User Guide#

Overview #

General Formulation of Dimensionality Reduction#

DR aims to construct a low-dimensional representation (or embedding) \(\mathbf{Z} = (\mathbf{z}_1, ..., \mathbf{z}_n)^\top\) of an input dataset \(\mathbf{X} = (\mathbf{x}_1, ..., \mathbf{x}_n)^\top\) that best preserves its geometry, encoded via a pairwise affinity matrix \(\mathbf{P}\). To this end, DR methods optimize \(\mathbf{Z}\) such that a pairwise affinity matrix in the embedding space (denoted \(\mathbf{Q}\)) matches \(\mathbf{P}\). This general problem is as follows

\[\min_{\mathbf{Z}} \: \mathcal{L}( \mathbf{P}, \mathbf{Q}) \quad \text{(DR)}\]

where \(\mathcal{L}\) is typically the \(\ell_2\) or cross-entropy loss.
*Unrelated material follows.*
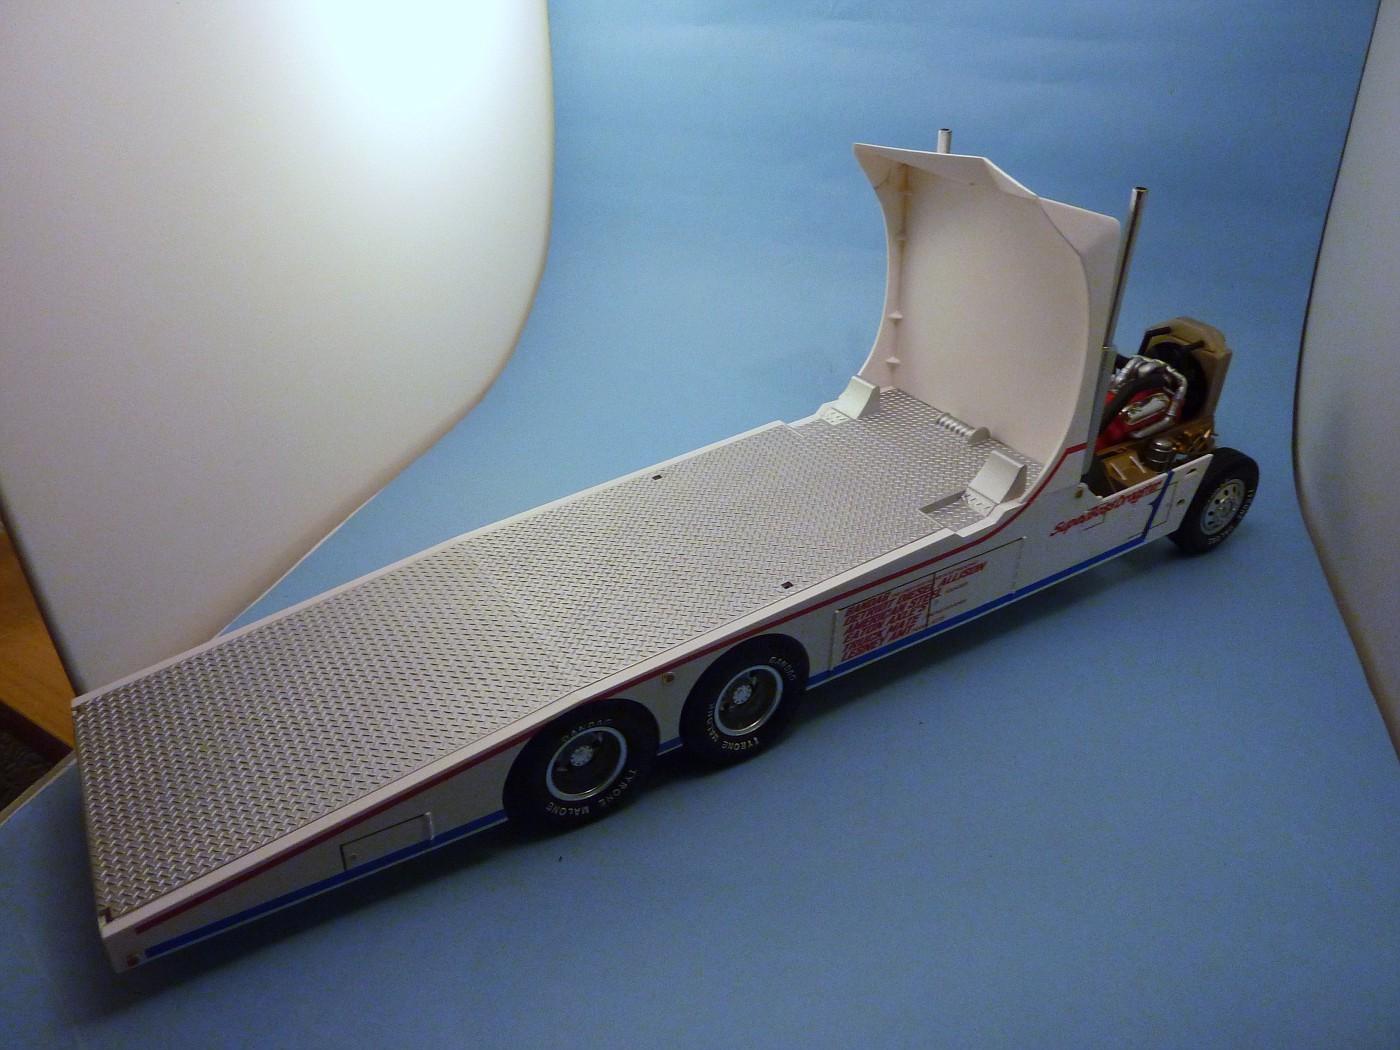 Papa Truck Tyrone Malone terminé  Chassispapatuck008-vi

Each DR method is thus characterized by a triplet \((\mathcal{L}, \mathbf{P}, \mathbf{Q})\).

TorchDR is structured around the above formulation \(\text{(DR)}\). Defining a DR algorithm solely requires providing an Affinity object for both input and embedding as well as a loss function \(\mathcal{L}\).

All modules follow the sklearn [Pedregosa et al., 2011] API and can be used in sklearn pipelines.
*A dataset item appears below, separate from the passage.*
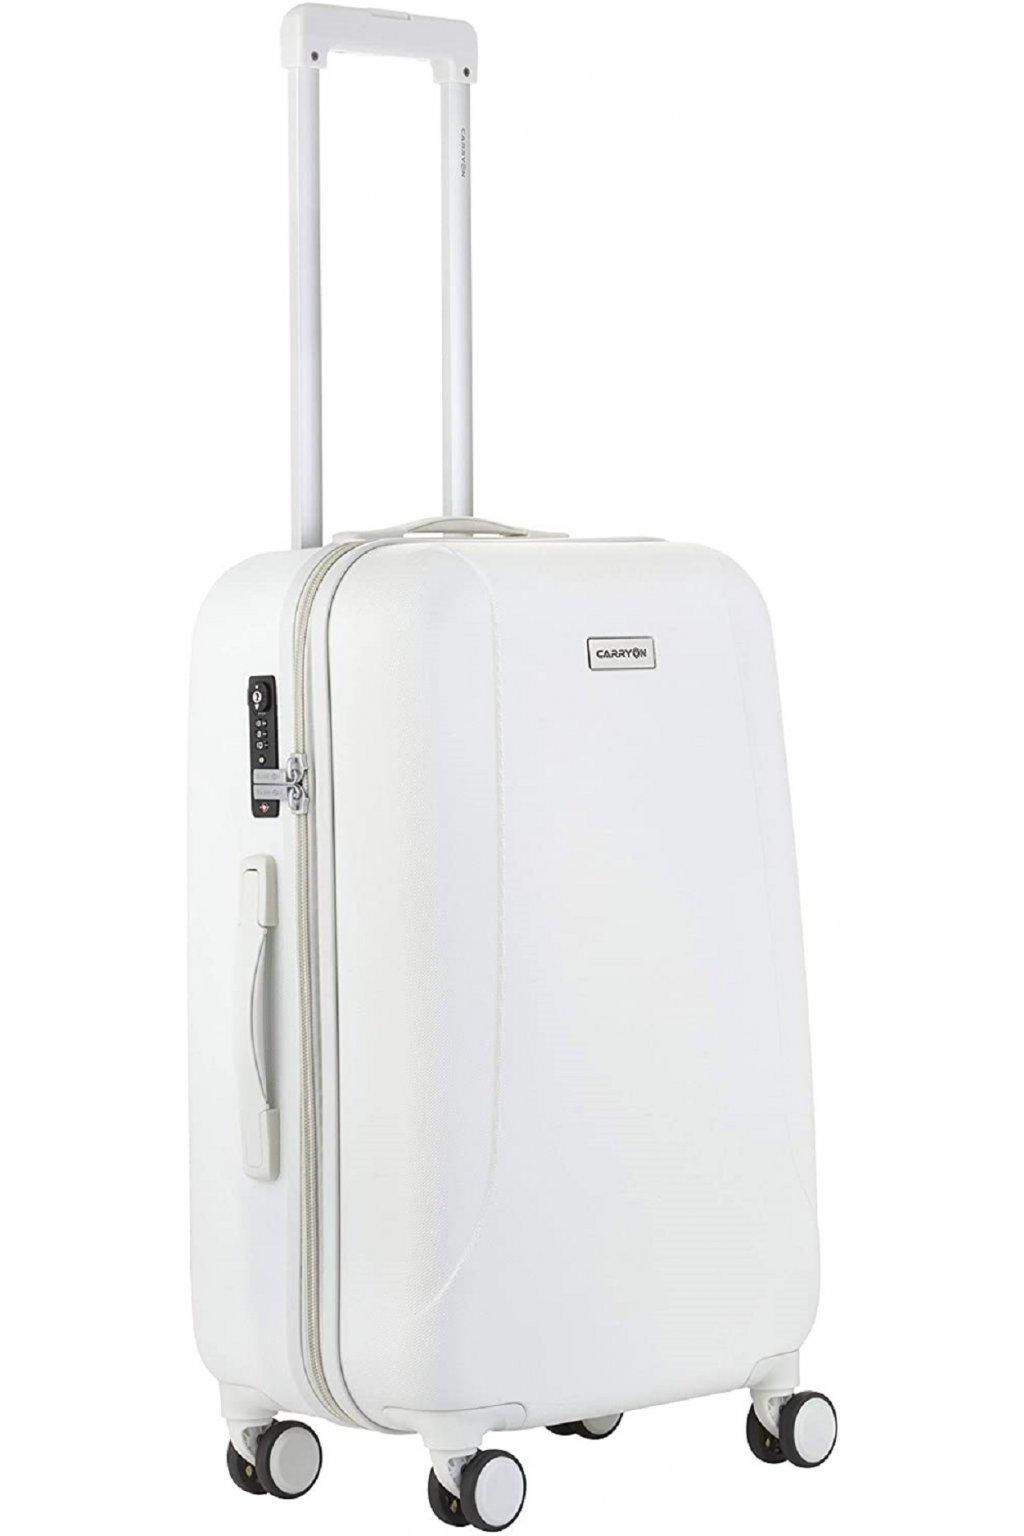 kufrland carryon skyhopper white (5)

Torch GPU support and automatic differentiation#

TorchDR is built on top of torch [Paszke et al., 2019], offering GPU support and automatic differentiation. This foundation enables efficient computations and straightforward implementation of new DR methods.
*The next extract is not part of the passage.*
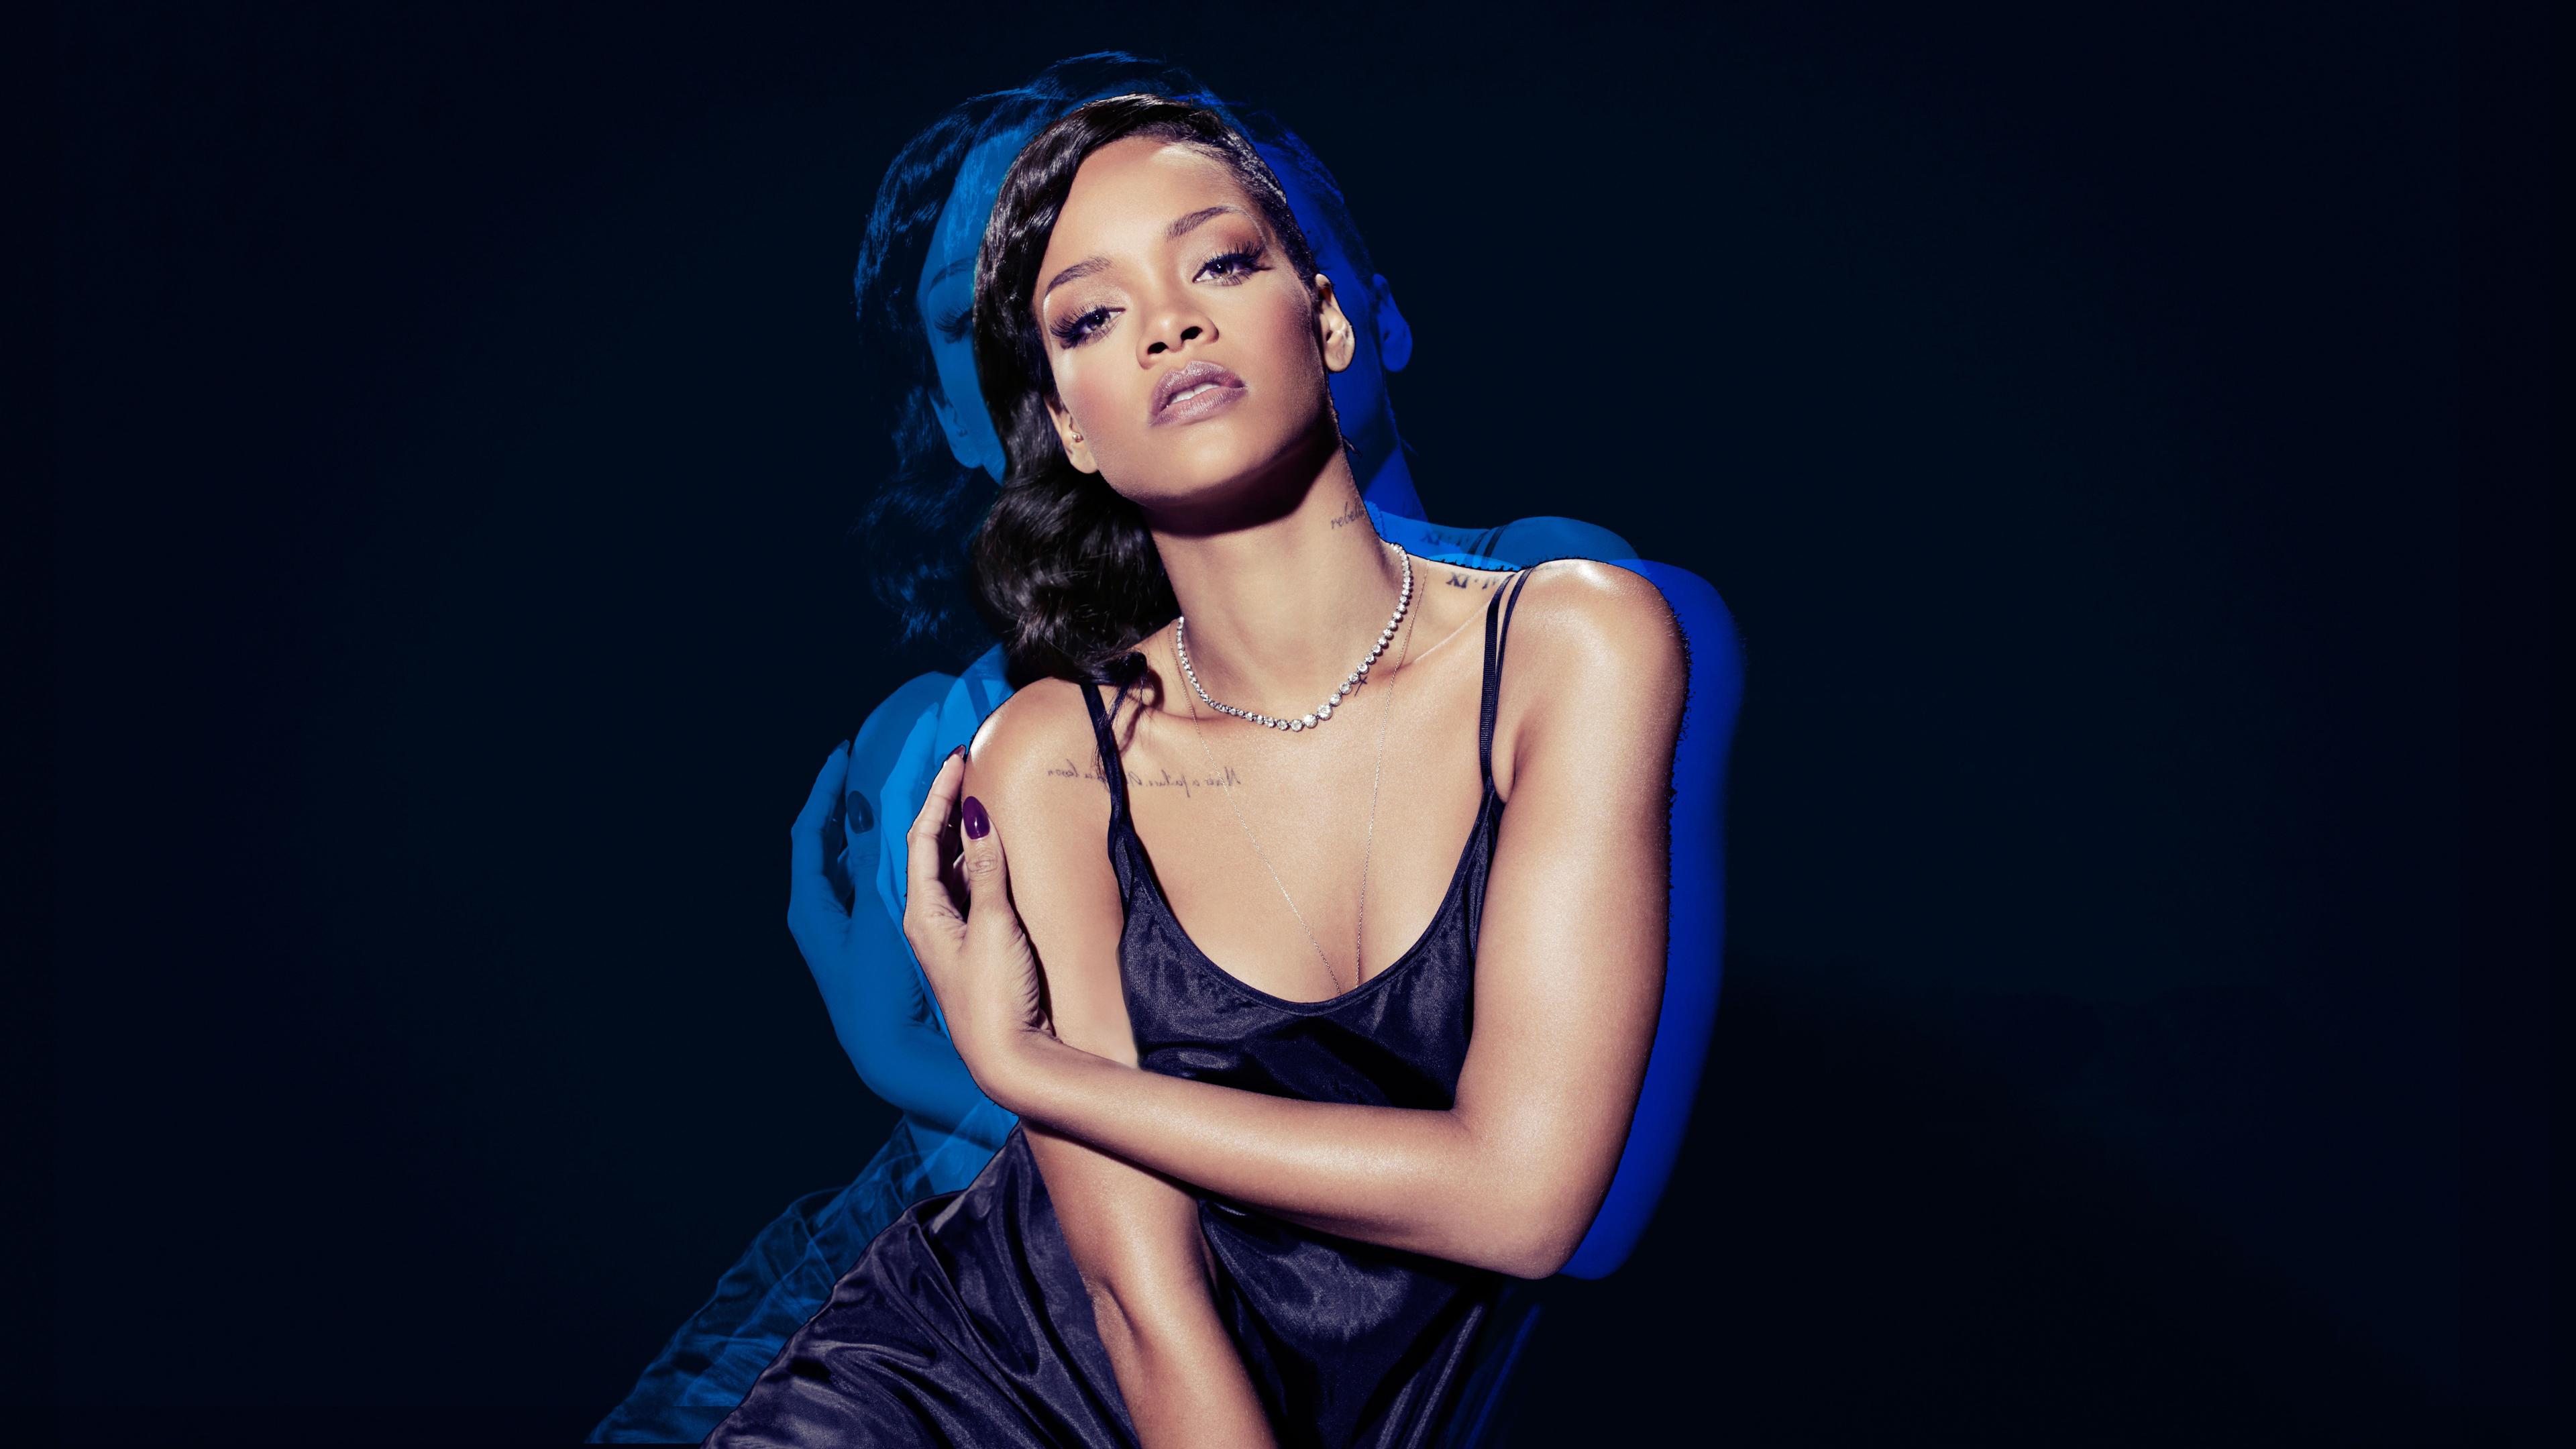 rihanna snl 4k 1546277161 - Rihanna SNL 4k - rihanna wallpapers, music wallpapers, hd-wallpapers, girls wallpapers, celebrities wallpapers, 4k-wallpapers

To utilize GPU support, set device="cuda" when initializing any module. For CPU computations, set device="cpu".

Note

DR particularly benefits from GPU acceleration as most computations, including affinity calculations and the DR objective, involve matrix reductions that are highly parallelizable.

Handling the quadratic cost via sparsity or symbolic tensors#

Affinities naturally incur a quadratic memory cost, which can be particularly problematic when dealing with large numbers of samples, especially when using GPUs.

Many affinity metrics only require computing distances to each point’s k nearest neighbors. For large datasets (typically when \(n > 10^4\)) where the full pairwise-distance matrix won’t fit in GPU memory, TorchDR can offload these computations to the GPU-compatible kNN library Faiss. Simply set backend to faiss to leverage Faiss’s efficient implementations.

Alternatively, for exact computations or affinities that can’t be limited to kNNs, you can use symbolic (lazy) tensors to avoid memory overflows. TorchDR integrates with pykeops[Charlier et al., 2021], representing tensors as mathematical expressions evaluated directly on your data samples. By computing on-the-fly formulas instead of storing full matrices, this approach removes memory constraints entirely. However, for very large datasets (typically when \(n > 10^5\)), the computational cost becomes prohibitive. Simply set backend to keops in any module to enable it.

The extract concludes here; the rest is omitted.